SHTF blog – Modern Survival

How Much Potassium Iodide Should I Store?

First things first, everyone knows what Potassium Iodide is right? For anyone confused, it’s the chemical KI, and it’s used during radiation exposure events to minimize the damage from radioactive iodine to thyroids. Most often it’s sold in pill form, in packs of 14.
Who should store potassium iodide? Anyone who lives downwind of nuclear power plants or nuclear missile silos. (Search for images of wind maps if you are unfamiliar with prevailing wind patterns.)
Won’t you just die if there’s a nuclear explosion? Not at all! If you can keep some mass between you and the radiation, you can easily wait out the half-life of the worst of the radiation.  You’ll be tired of your basement after a couple of weeks, but you’ll be very much alive.
Where does the Potassium Iodide come in? With any exposure event for radiation, you need to protect your thyroid, the CDC says it best:

Following a radiological or nuclear event, radioactive iodine may be released into the air and then be breathed into the lungs. Radioactive iodine may also contaminate the local food supply and get into the body through food or through drink. When radioactive materials get into the body through breathing, eating, or drinking, we say that “internal contamination” has occurred. In the case of internal contamination with radioactive iodine, the thyroid gland quickly absorbs this chemical. Radioactive iodine absorbed by the thyroid can then injure the gland. Because non-radioactive KI acts to block radioactive iodine from being taken into the thyroid gland, it can help protect this gland from injury.

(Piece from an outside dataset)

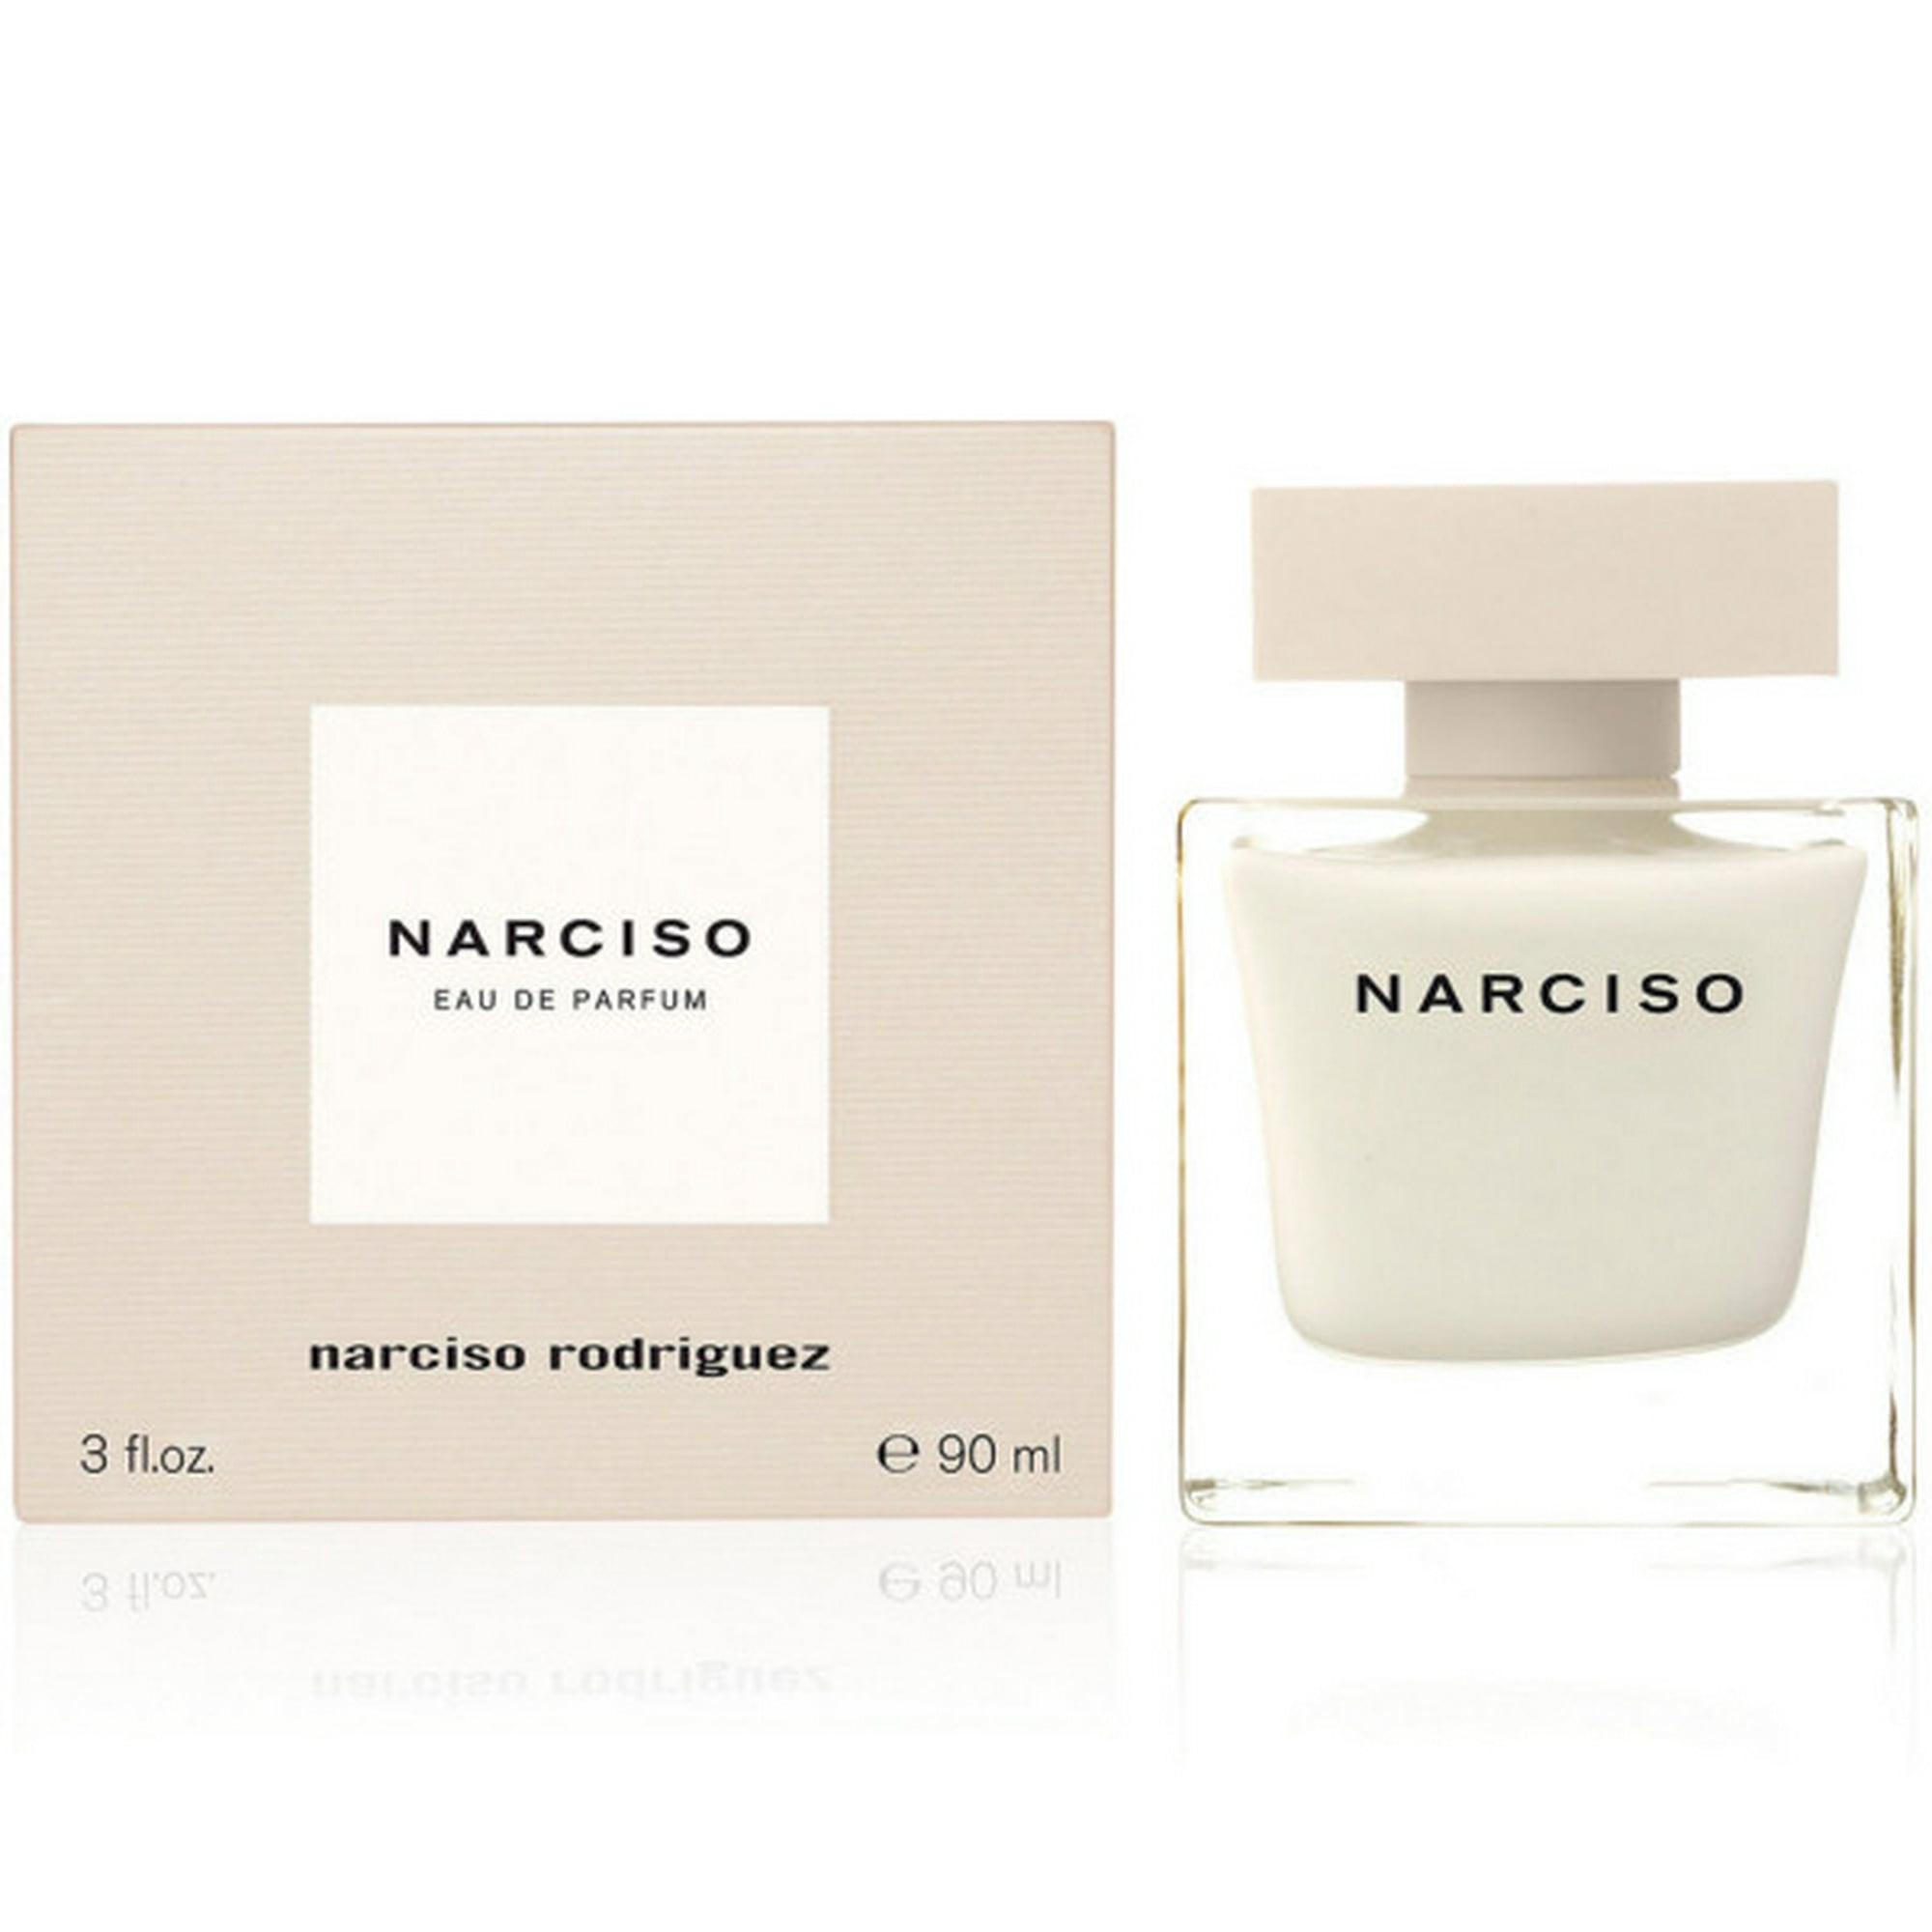 Narciso By Narciso Eau De Parfum Spray 3 oz | Walmart

After events like the Fukushima melt down, demand far outstripped supply for this preventative measure.
How much do I need? I will do the math for my family of 2 adults and 2 kids, and hopefully y’all can extrapolate for your own situation.
According to the FDA, the following doses are appropriate to take after internal contamination with (or likely internal contamination with) radioactive iodine:

  • Adults should take 130 mg.
  • Women who are breastfeeding should take the adult dose of 130 mg.
  • Children between 3 and 18 years of age should take 65 mg. Children who are adult size (greater than or equal to 150 pounds) should take the full adult dose, regardless of their age.
  • Infants and children between 1 month and 3 years of age should take 32 mg.  This dose is for both nursing and non-nursing infants and children.
  • Newborns from birth to 1 month of age should be given 16 mg. This dose is for both nursing and non-nursing newborn infants.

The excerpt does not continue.